How caddies get paid
Players have different financial arrangements with their caddies. Some do an annual salary. Most do a weekly wage -- $1,200 to $1,500 -- plus a percentage of winnings that ranges from 10 percent across to the board, to 10 percent for a win, 7 percent for a top-10 finish, 5 percent for making the cut but finishing outside the top 10. Everybody's different. If you're working for a really good golfer, though, you can make some money and have a great time, see the world and meet lots of new people.
Life on the road
I travel with two fellow female caddies, Audrey Gerdes and Mardi Lunn. I'm big on renting houses because it feels more like home and you can have people over. It takes an effort, but we do it about three-quarters of the time. I enjoy cooking, and I'm known for my pizzas. We have a pizza night almost every week. I've done up to 12 in a night.
Traveling around the United States isn't that big a deal, but on the LPGA we make some long trips -- to Australia and Asia in particular. Those trips, between flights and layovers, are 40-plus hours. Sitting in coach on an 18-hour flight from JFK to Singapore is when I'm glad I'm only 5-foot-4½. I'm not a great plane sleeper, but as soon as I board, I try to get acclimated to the time zone where we're going.

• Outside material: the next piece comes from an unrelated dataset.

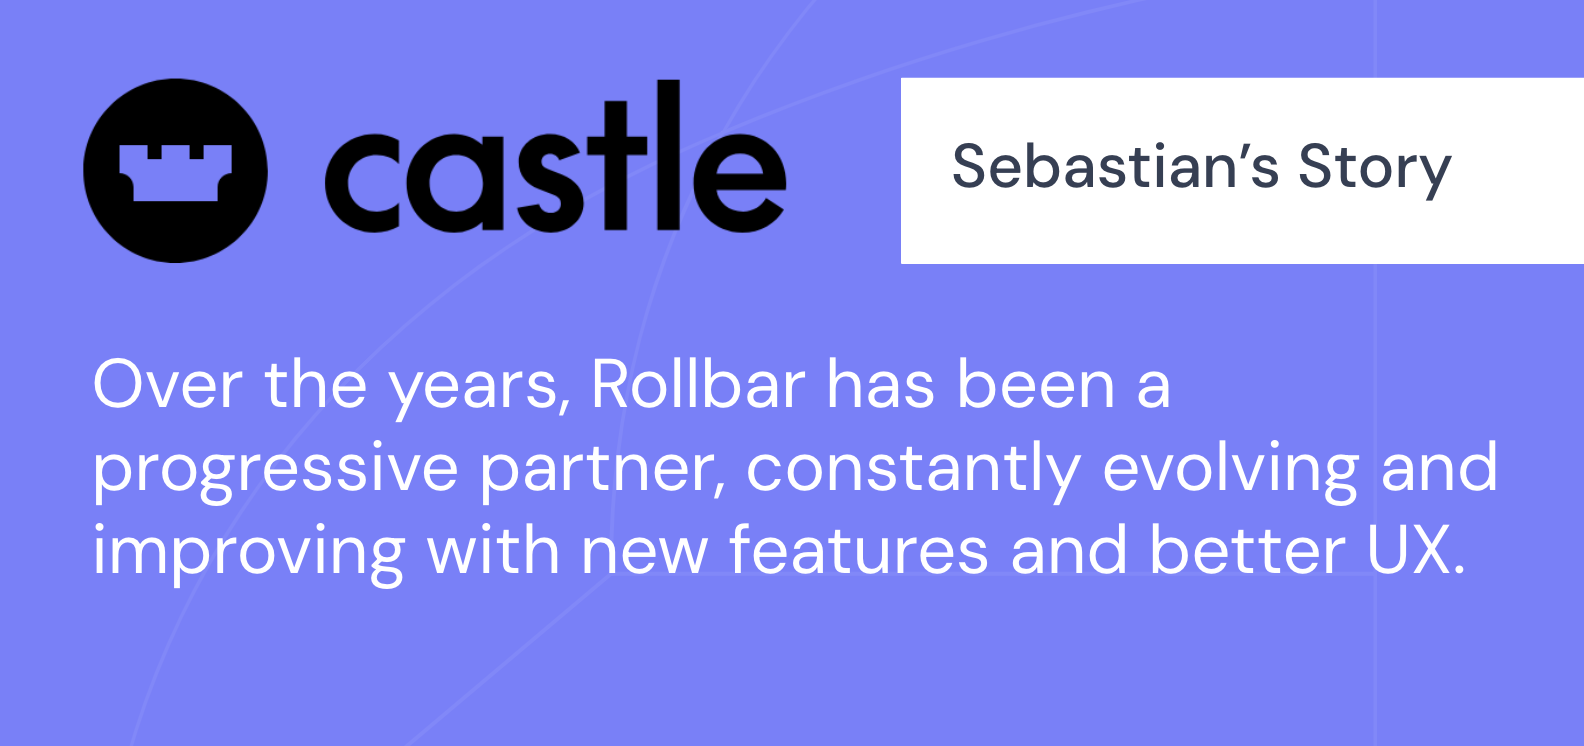 Sebastian’s story with Rollbar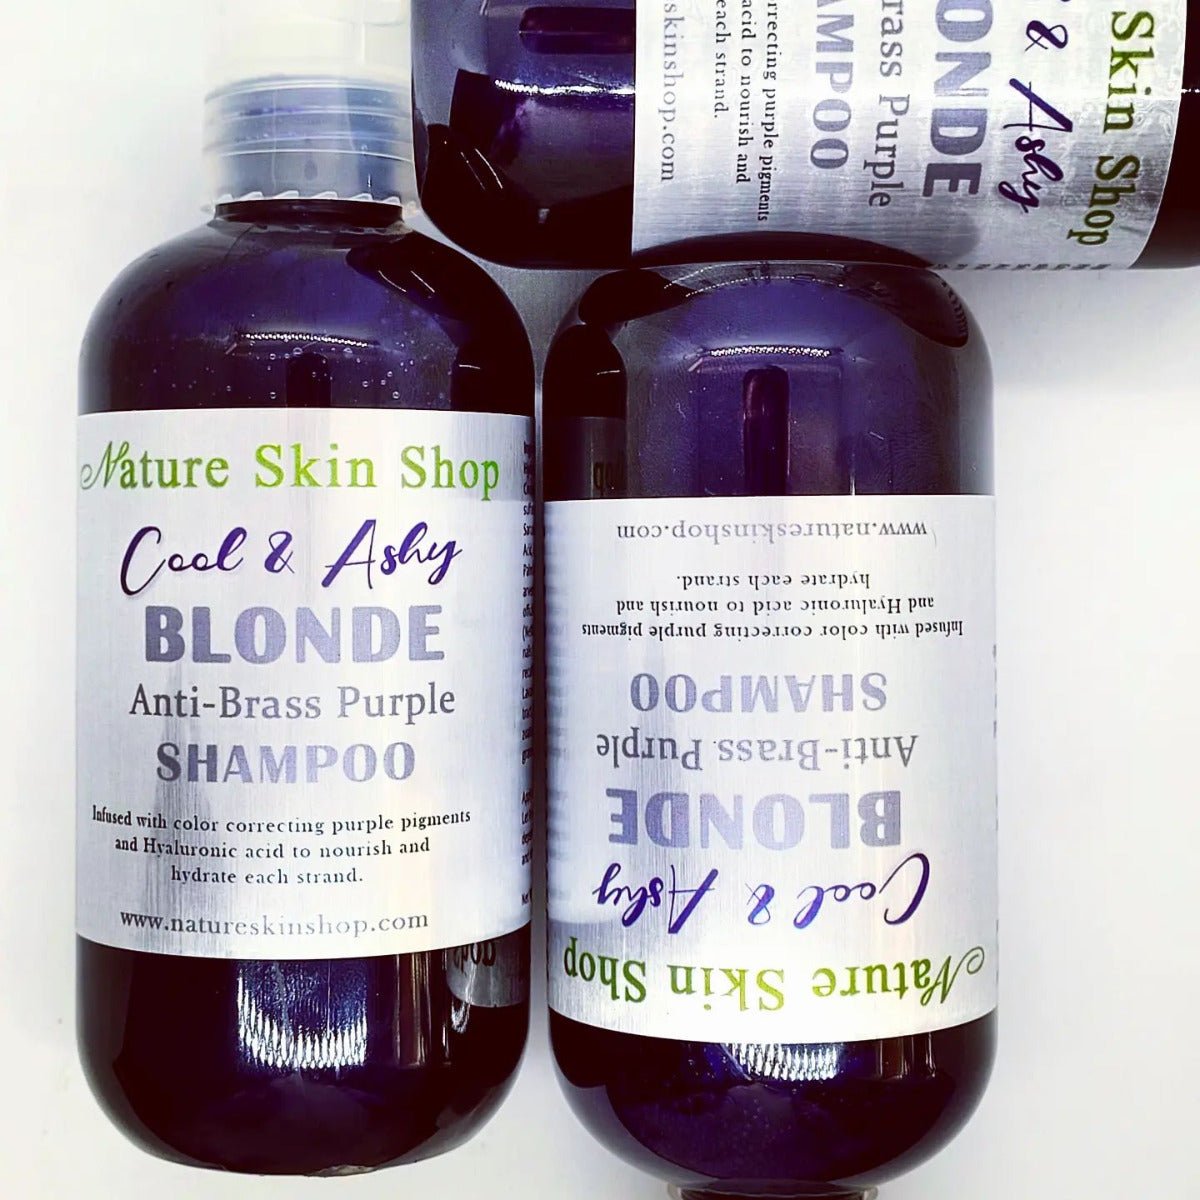 Cool & Ashy Blonde Anti-Brass Purple Shampoo - Nature Skin Shop

Brittany played 27 events in 2015, so it's a little more than six months of travel. Certainly you miss some things being gone so much. You want to have a relationship and the person thinks it's so neat what you do until you're gone for five or six weeks straight. I get asked a lot, mostly by my family, how long I'm going to do this, but I really love it. I find it intoxicating. When you watch somebody reach a potential, or do something they didn't think they could do, and you somehow contributed to that, it's fulfilling. Some of my friends wake up on Monday and dread going to their job. I've never done that. I work very hard, but I almost feel like I'm on vacation.